One challenge that many parents and grandparents face is helping “How To Help Adult Kids With Addiction.” The adult children who find themselves with “addictive habit” find it hard to live without self-destructive habits. This can sometimes interfere with the raising their own children and being productive.
How to Help Adult Kids with Addiction
Addictions are complex and hard to understand. They tear apart the very fabric of a family unit. Often it looks like they don’t want to raise their own children … that they don’t care. Their parents, who are the parenting grandparent, often feel guilty and ashamed of their adult child’s inability to break their habit. Secrets, chaos, co-dependency, lies and untruths accompany addictions. Addiction(s) doesn’t just affect an individual, they impact entire families! When grandparents are raising their grandchildren because their own adult child has an addiction, three generations are impacted!
American Society of Addiction Medicine (ASAM) views addiction as a “primary, chronic disease of brain reward, motivation, memory and related circuitry. Dysfunction in these circuits leads to characteristic biological, psychological, social and spiritual manifestations. This is reflected in an individual pathologically pursuing reward and/or relief by substance use and other behaviors.”

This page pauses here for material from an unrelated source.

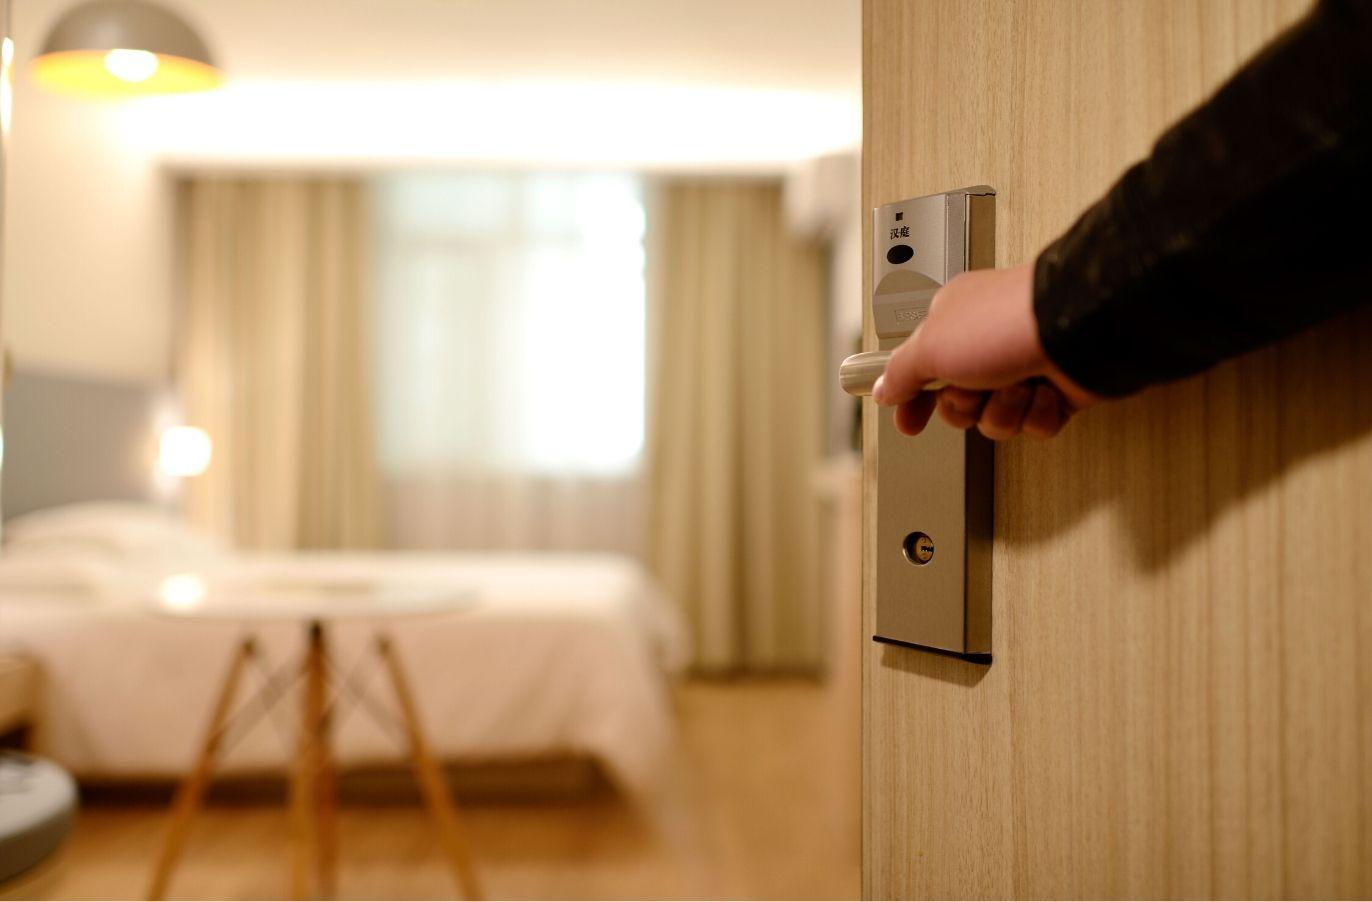 hand opening door into modern hotel room with bed
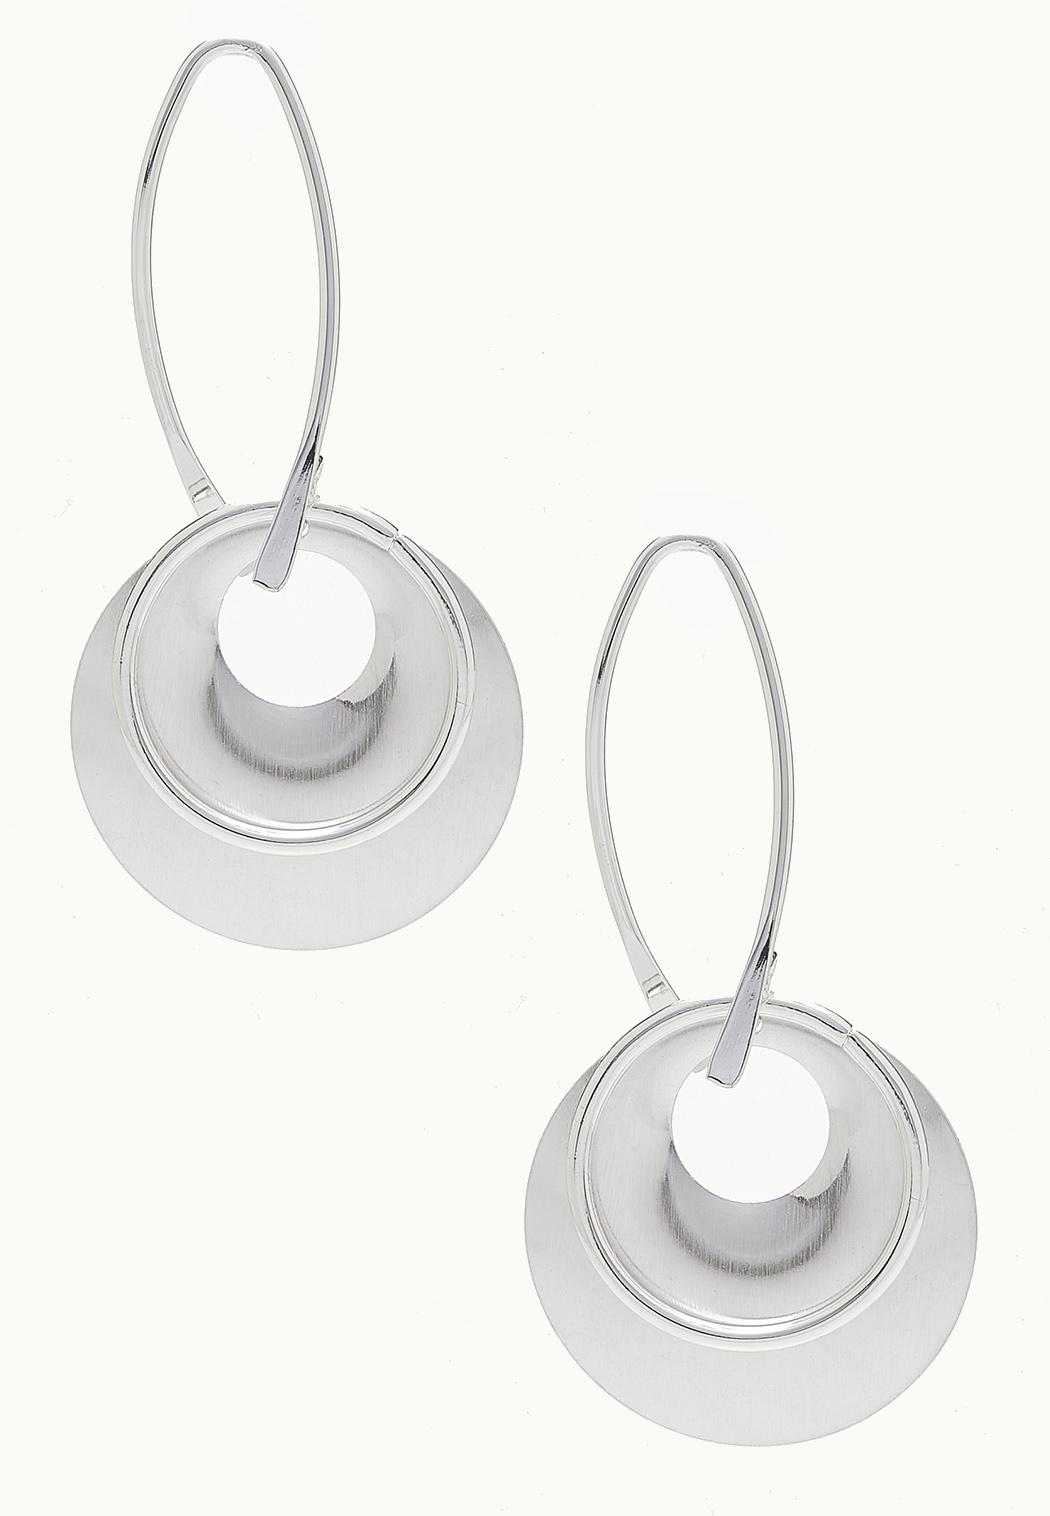 Mod Hoop Dangle Earrings

Addiction is characterized by inability to consistently abstain, impairment in behavioral control, craving, diminished recognition of significant problems with one’s behaviors and interpersonal relationships, and a dysfunctional emotional response. Like other chronic diseases, addiction often involves cycles of relapse and remission. Without treatment or engagement in recovery activities, addiction is progressive and can result in disability or premature death. Associated with addiction is a person who displays co-dependent behaviors. Co-dependency is an extreme dependency by one person on another who is suffering from an addiction. Common characteristics include low self-worth coupled with a high need for approval. Not a formal psychiatric diagnosis, codependency is a psychological syndrome noted in relatives or partners of alcoholics or substance abusers.
Identifying Addiction in Your Adult Child
Parents tend to be very intuitive when it comes to those times when their children have problems. They may not want to talk about or that might be difficult to admit. However, when it comes to adult children, it’s much more difficult to discern when your children are having problems. Even harder is knowing what those problems could be since adult children don’t usually live at home. It’s important for parents to continue being perceptive. They can do so by being aware of some of the warning signs that your adult child is suffering from addiction.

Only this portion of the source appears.